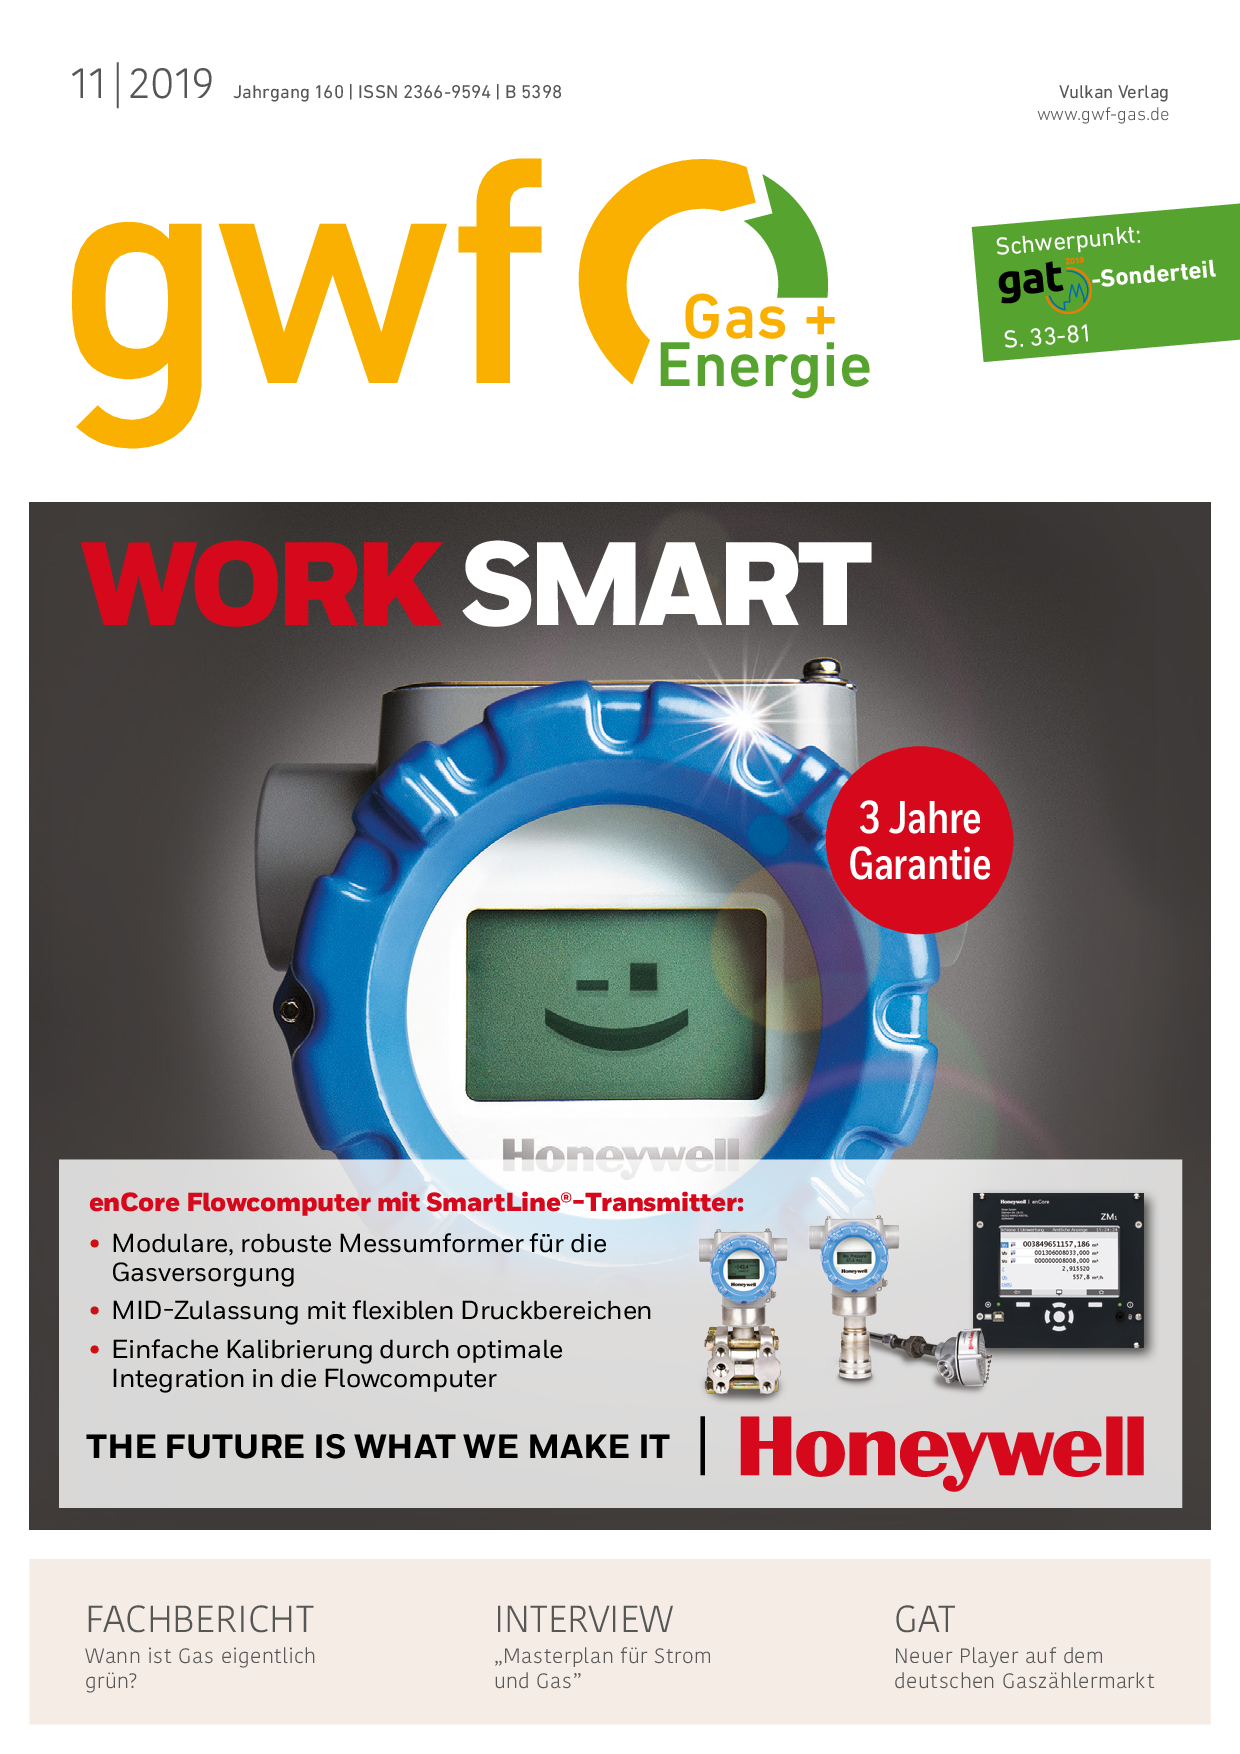 gwf Gas+Energie - 11 2019
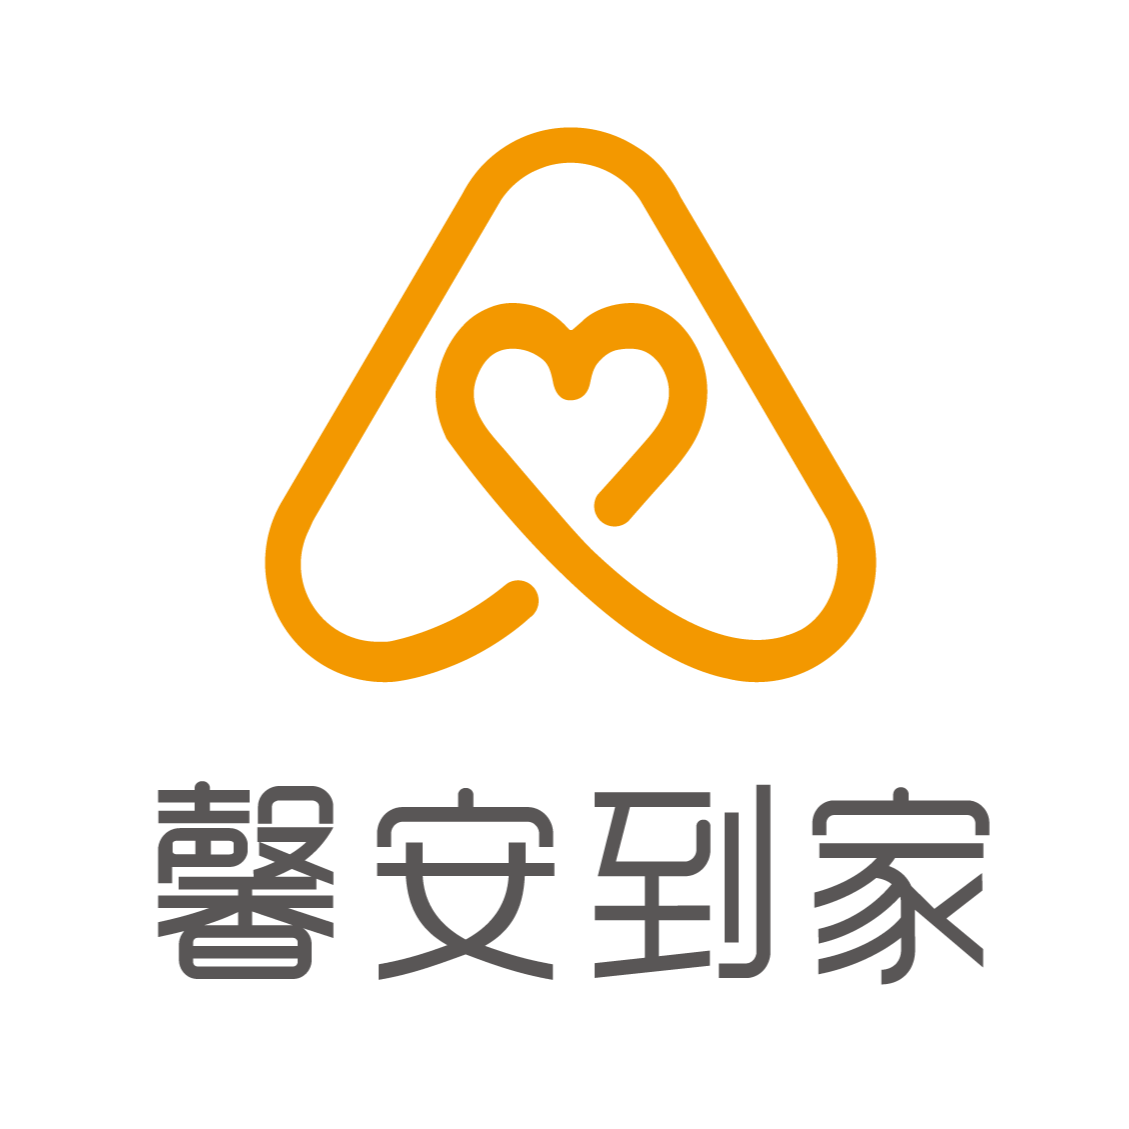 深圳市馨安到家服务有限公司logo
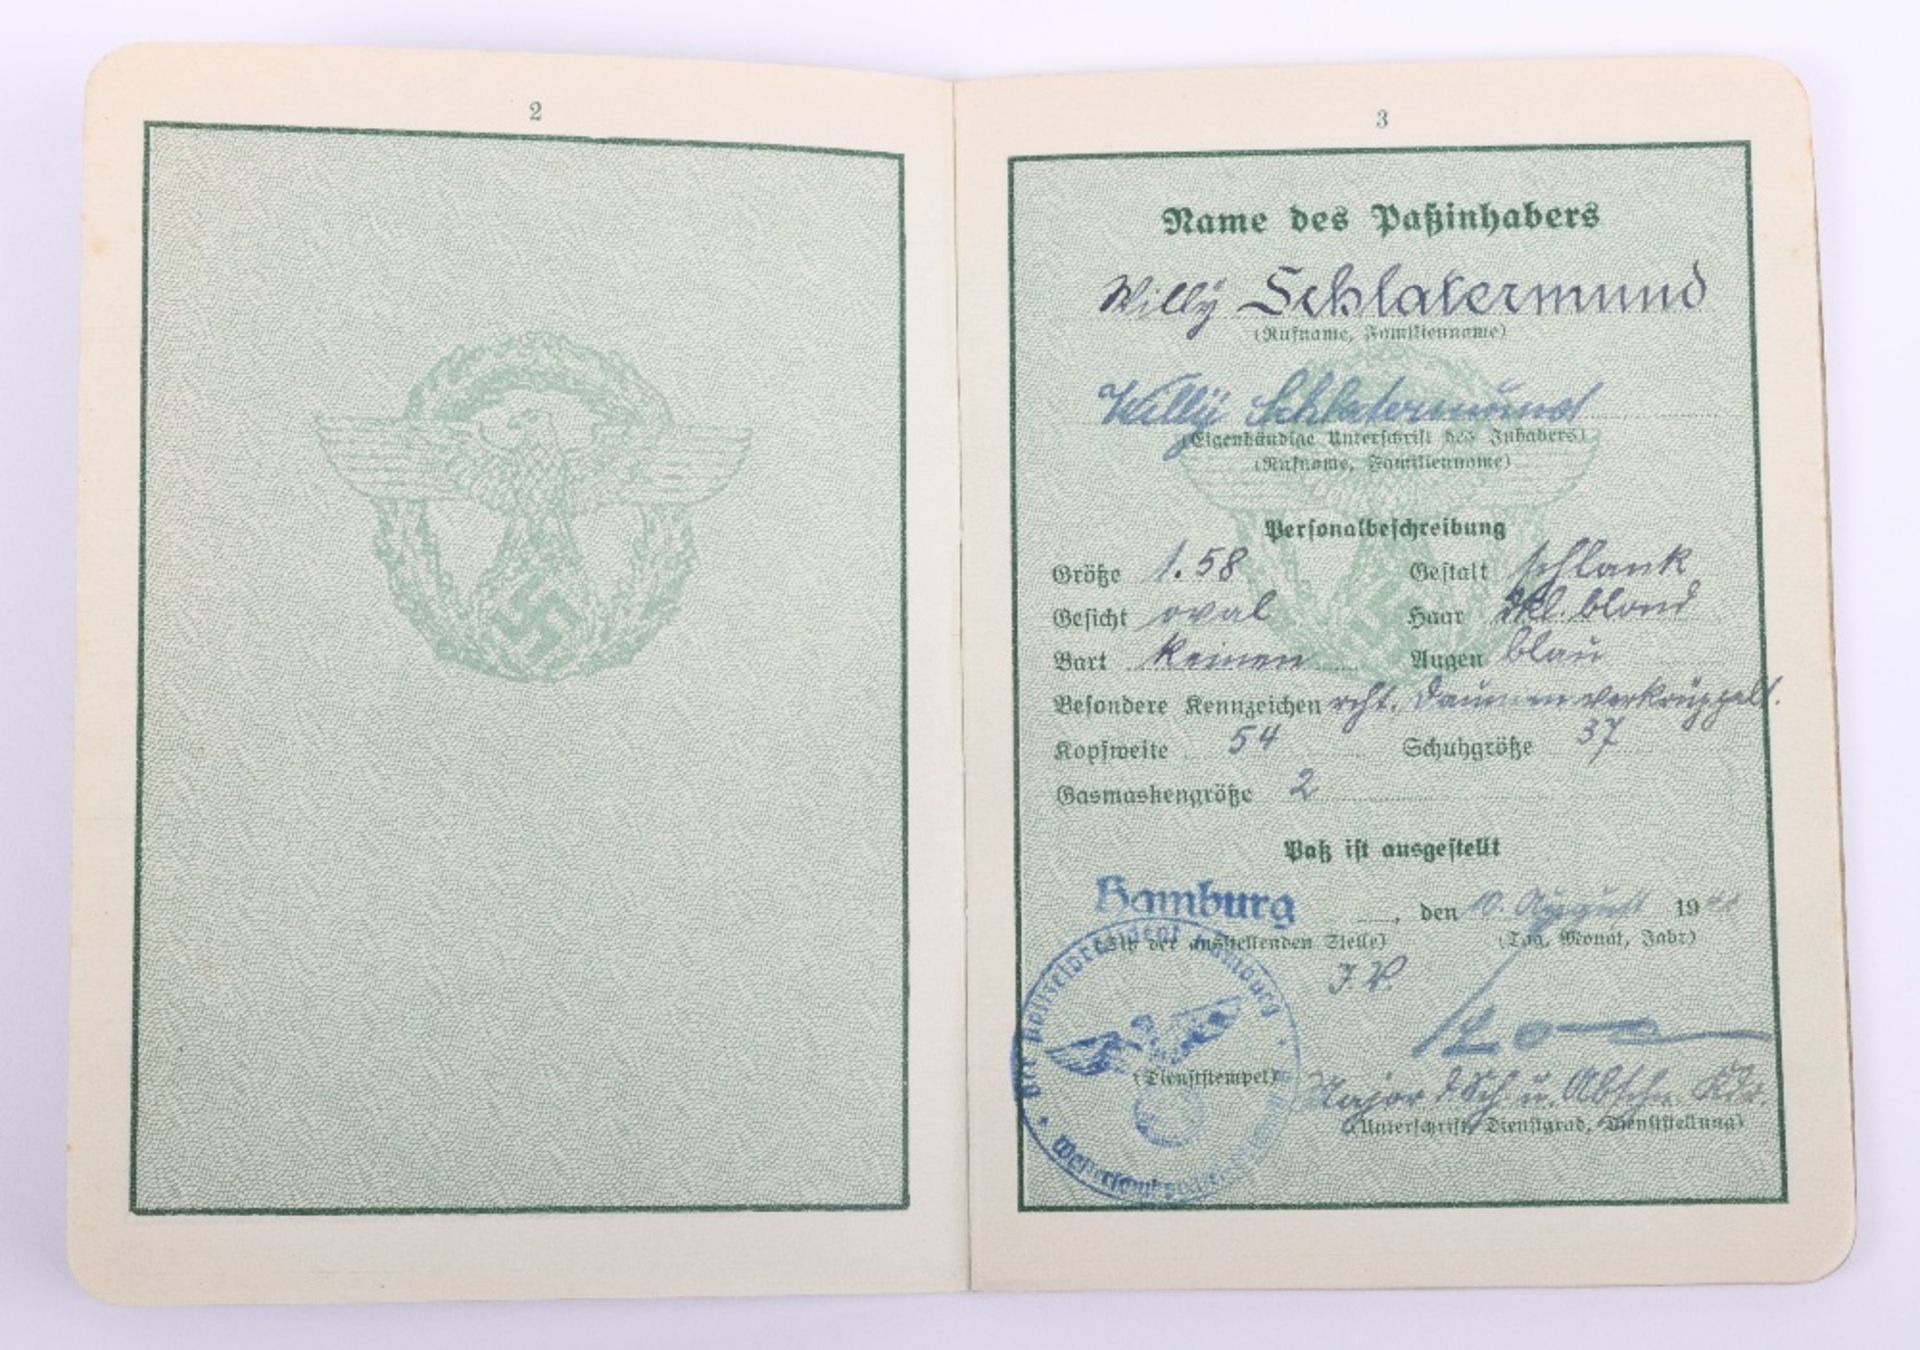 WW2 German Police service book / Polizei Dienstpass to Willy Schlatermund, Polizei Reserve Hamburg 1 - Image 4 of 10
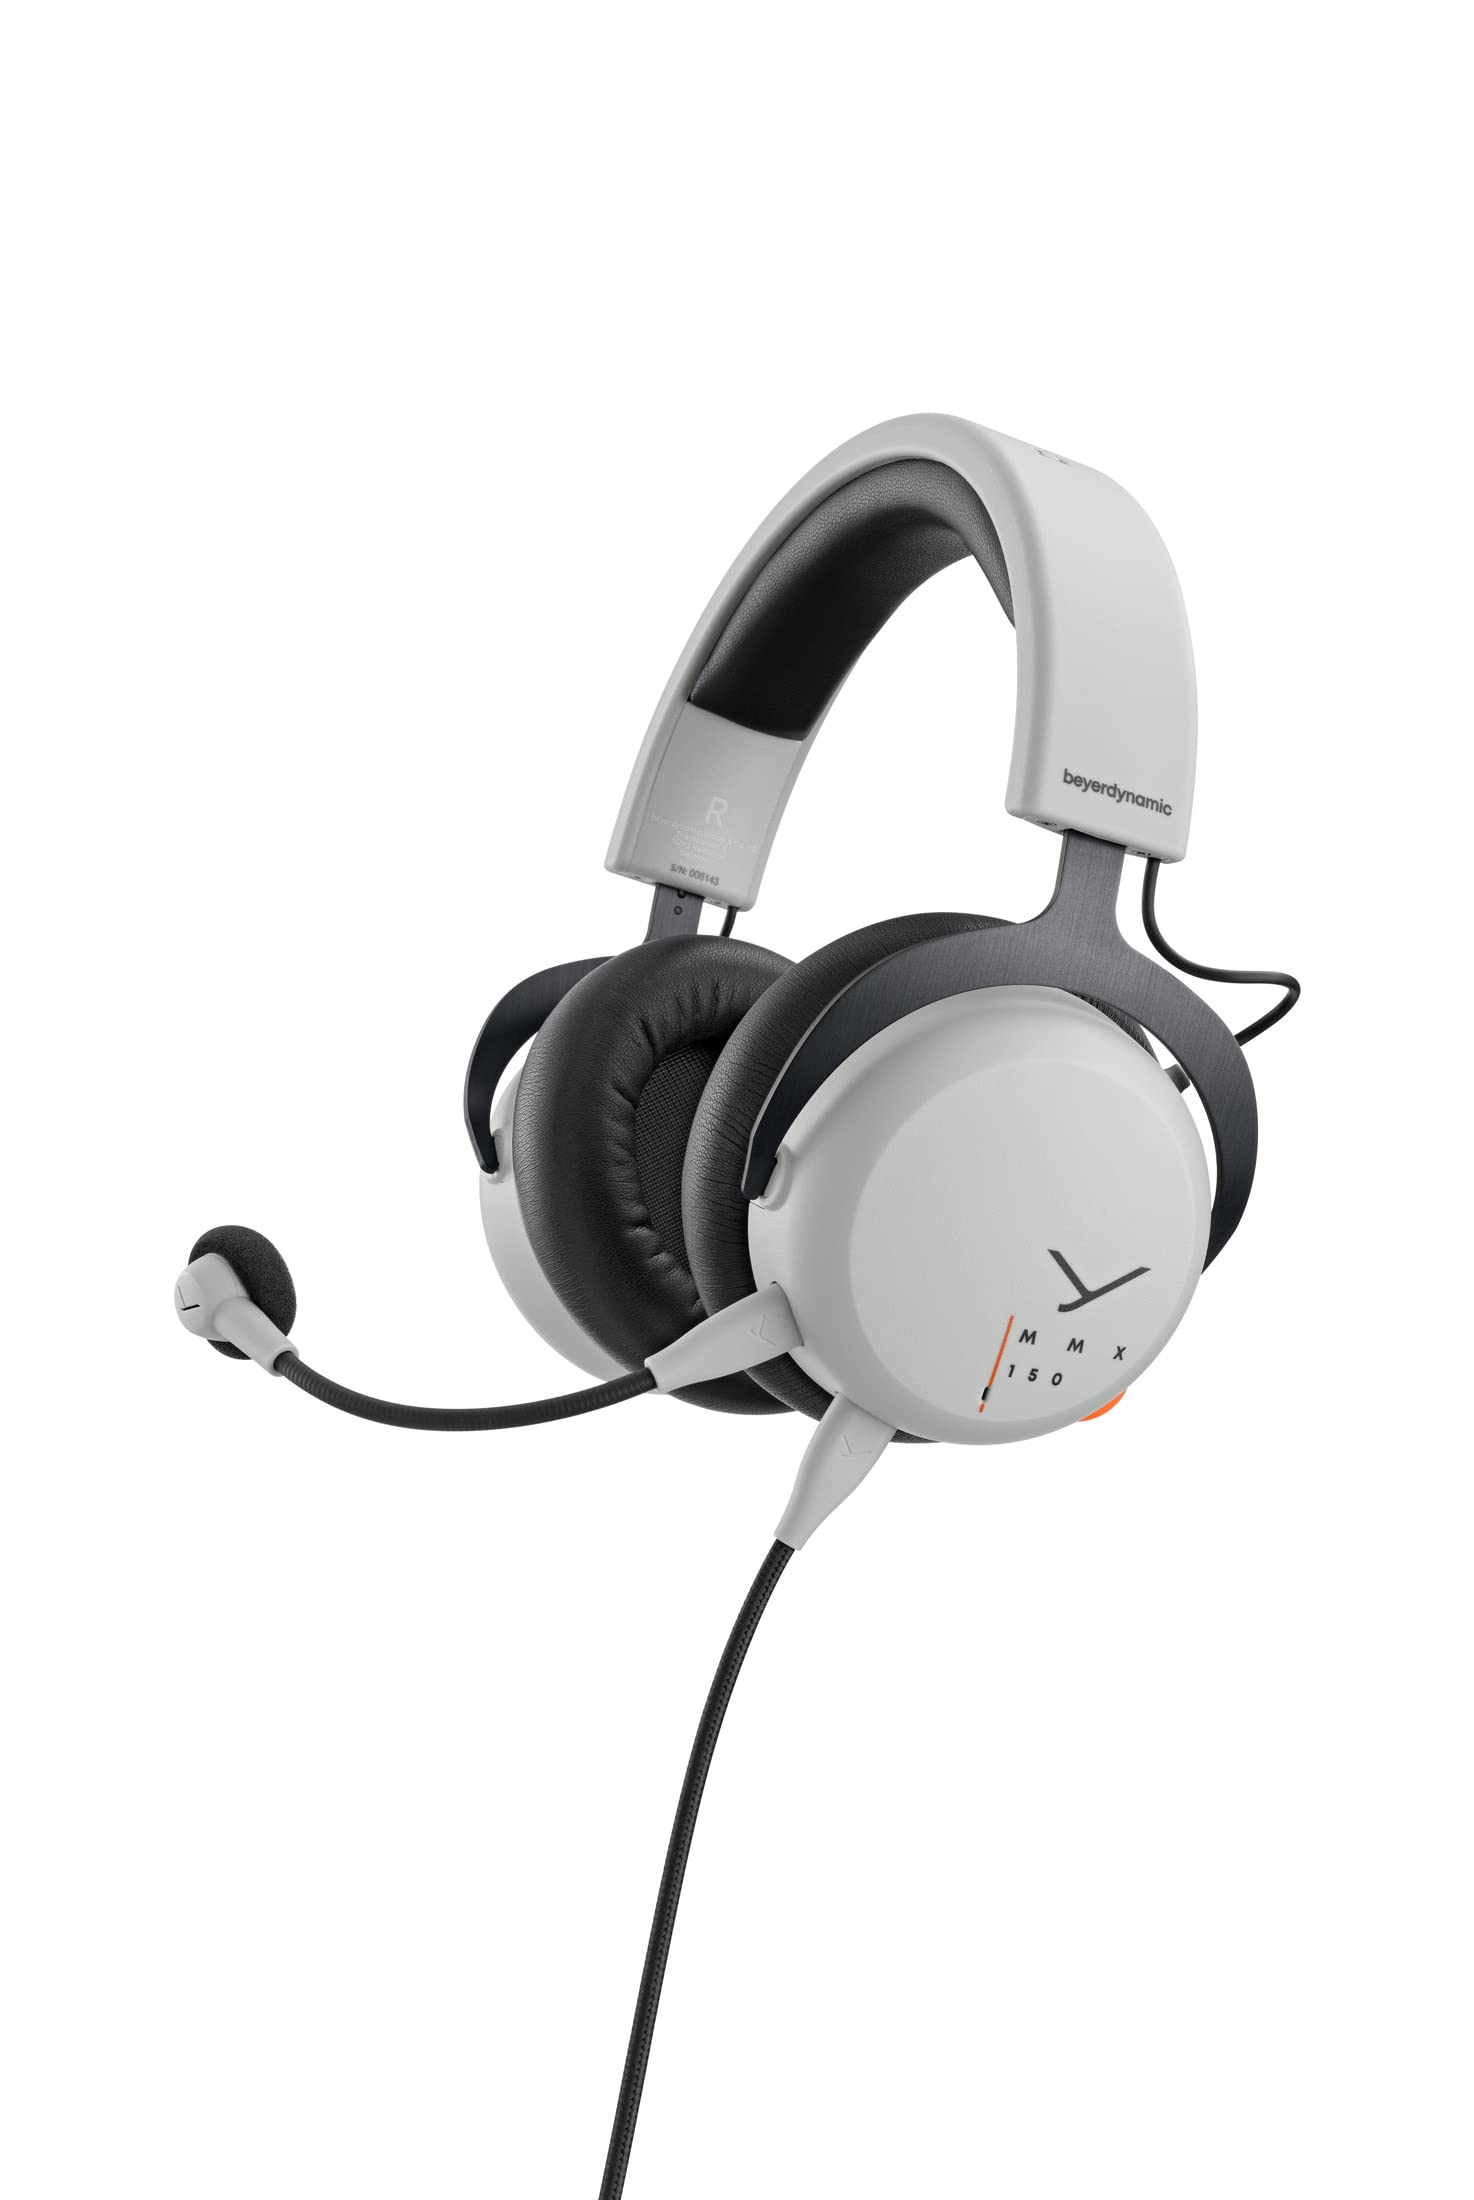 beyerdynamic MMX 150 geschlossenes Over-Ear Gaming-Headset in Grau mit Augmented Mode, META Voice Mikrofon, exzellenter Sound für alle Gaming Devices

** INSTRUCTIONS FOR THE TASK **
Word-for-word transcription: the whole listing, with images excluded.

** TASK RESPONSE **
 gwf Gas+Energie - 11 2019
 深圳市馨安到家服务有限公司logo
 WW2 German Police service book / Polizei Dienstpass to Willy Schlatermund, Polizei Reserve Hamburg 1 - Image 4 of 10
 beyerdynamic MMX 150 geschlossenes Over-Ear Gaming-Headset in Grau mit Augmented Mode, META Voice Mikrofon, exzellenter Sound für alle Gaming Devices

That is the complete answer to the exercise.